The objective of this essay therefore is an exploration of the essence of "OMO" (child) in Yoruba cosmology as mediated through proverbs, myths and folk sayings. From our exposition, it would be clear that the Yoruba concept of "OMO" is generally meaningful within their lived experience. It is part of a coherent intellectual system which portrays a pragmatic moral perspective according to which the ultimate meaning of human existence is to be found.
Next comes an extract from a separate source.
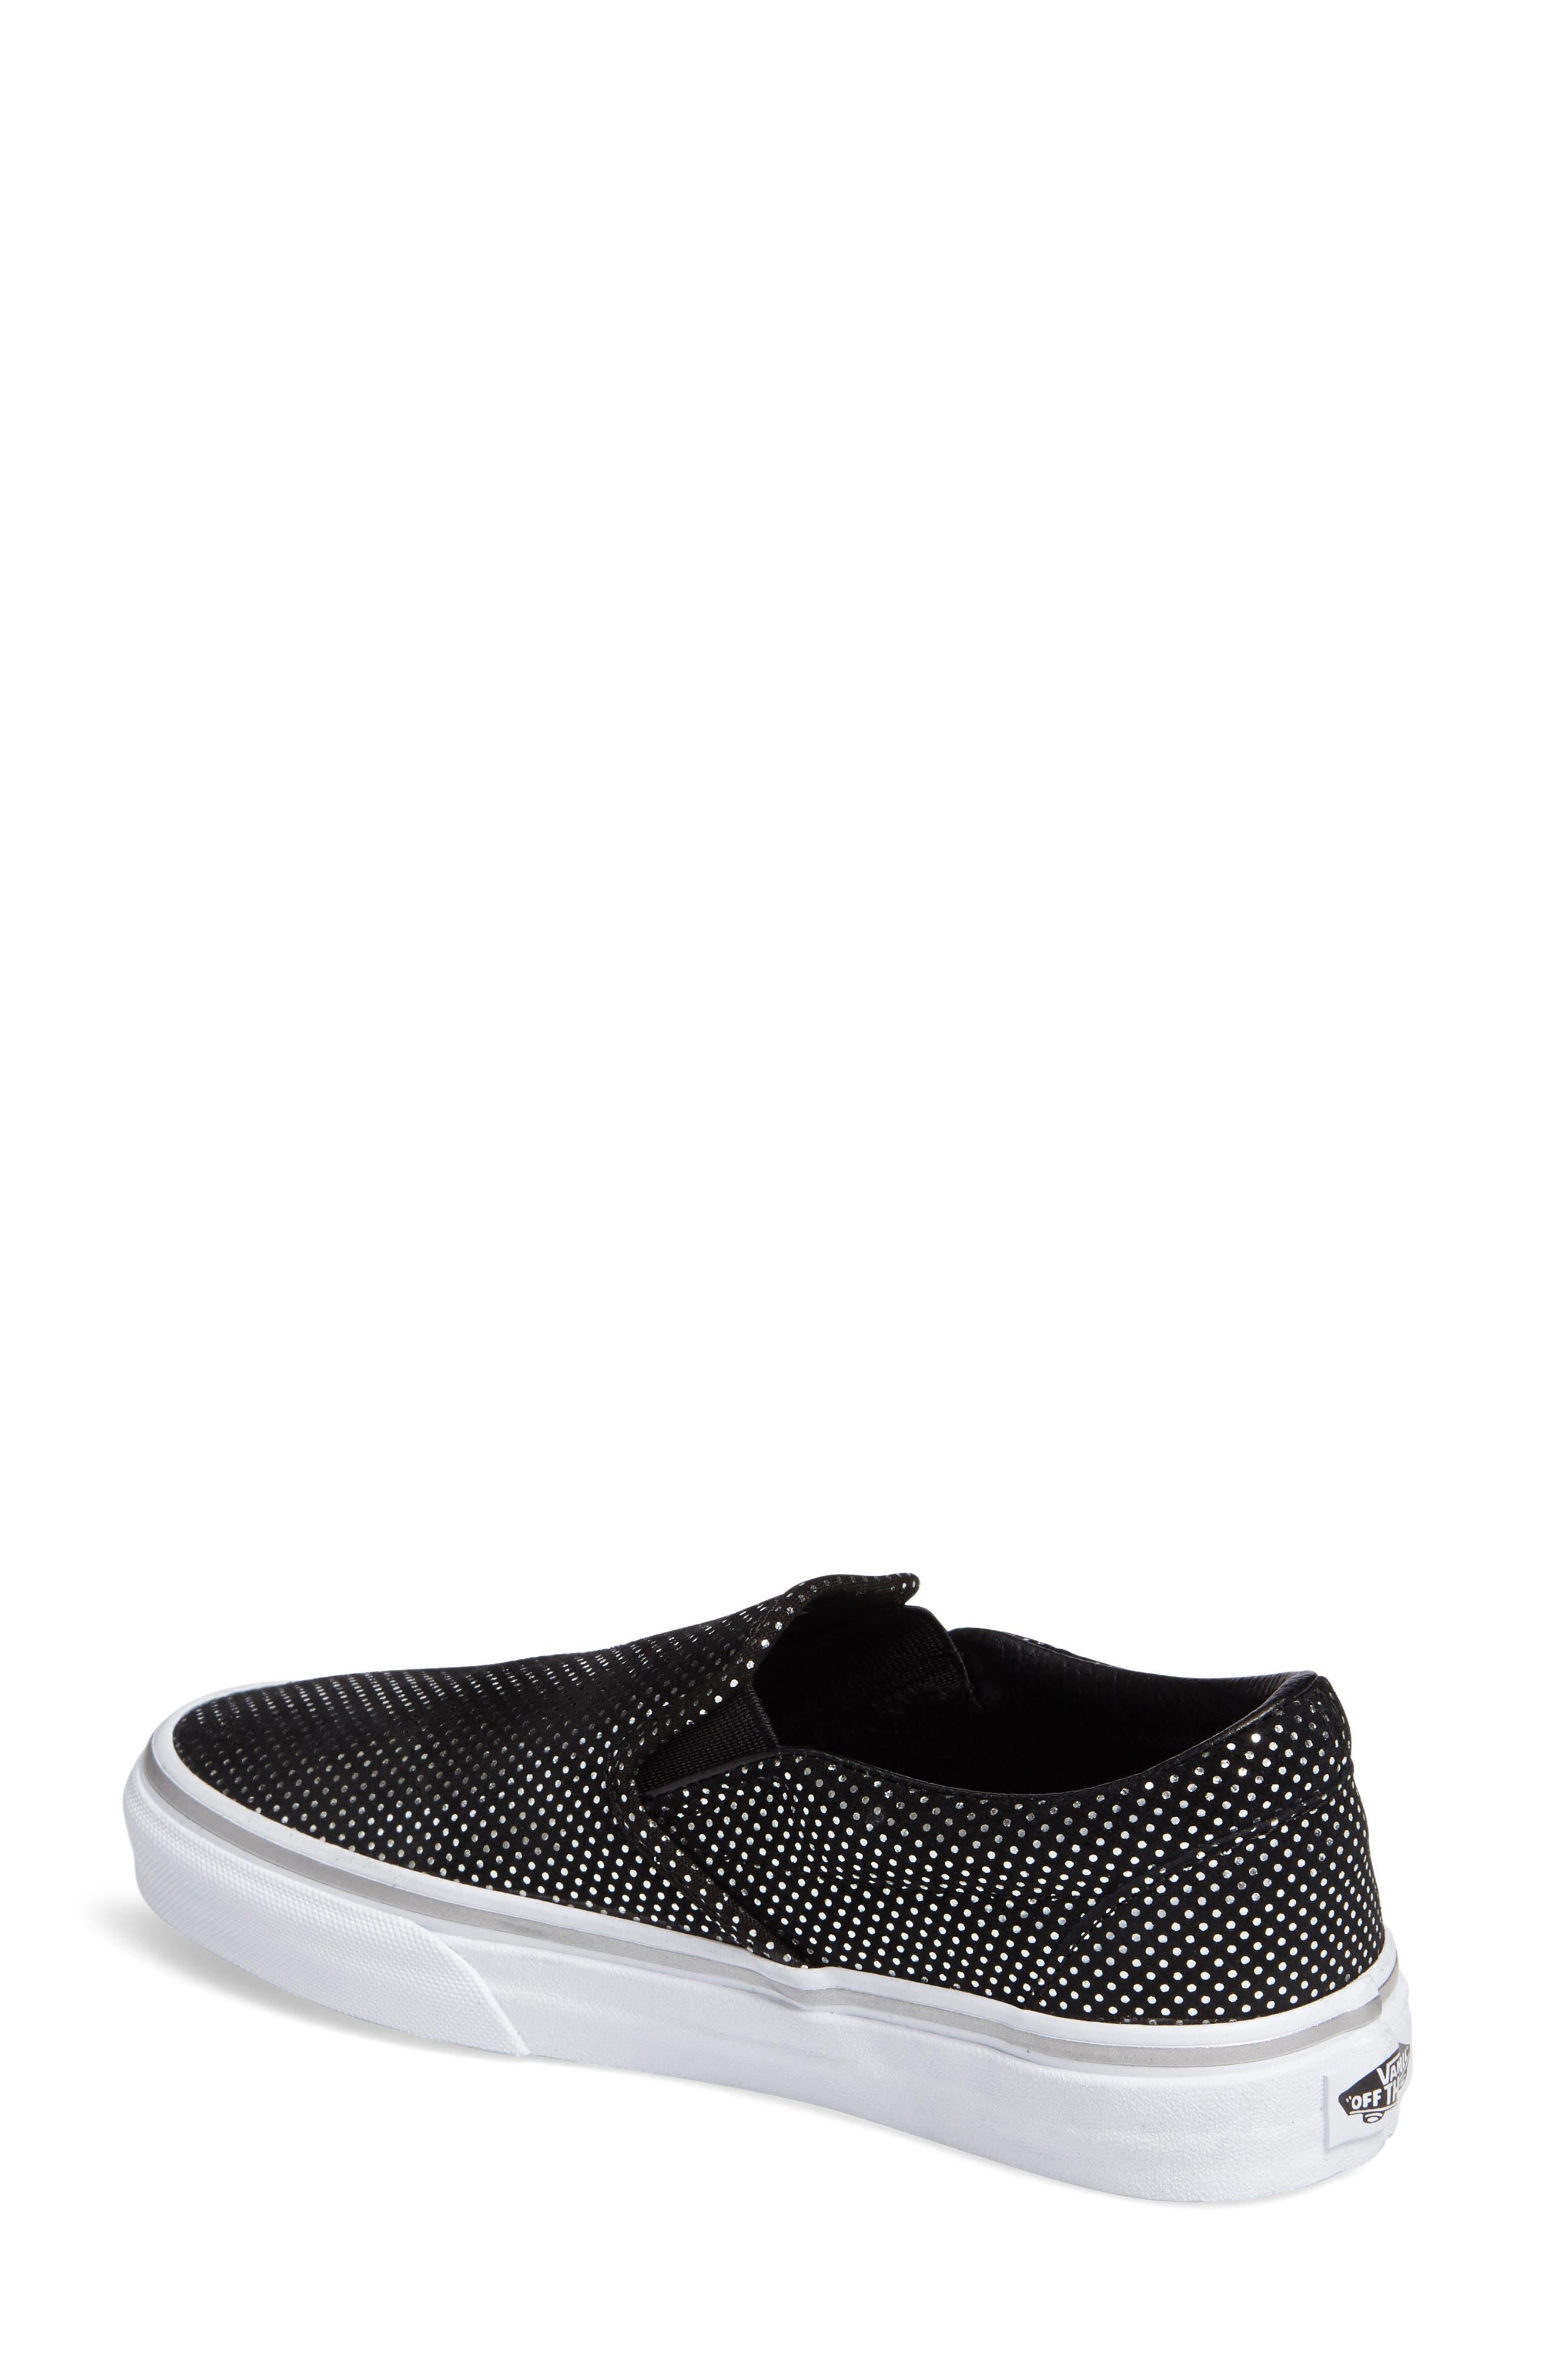 Classic Slip-On Sneaker,                             Alternate thumbnail 2, color,                             004

The Yoruba concept of "OMO" as articulated through their language, does not signify obsession with a large number of children as is constantly depicted in the ethnographic literature, which claims that "a large progeny was the key determinant of a man's social prestige" (Henn, 1991), but rather with a high quality children that are capable of maintaining family tradition--a point hidden in proverbs and names given to infants but often missed in ethnographic literature because of the subjection of the African reality to Euro-American interpretation.

In the discussion on marital organization in nonwestern societies, the importance of a wife to the economic prosperity of her husband was considered the most important factor "because the alliances created by marriage ties were important to the political and the military strength of households and their heads" (Rubin, 1975).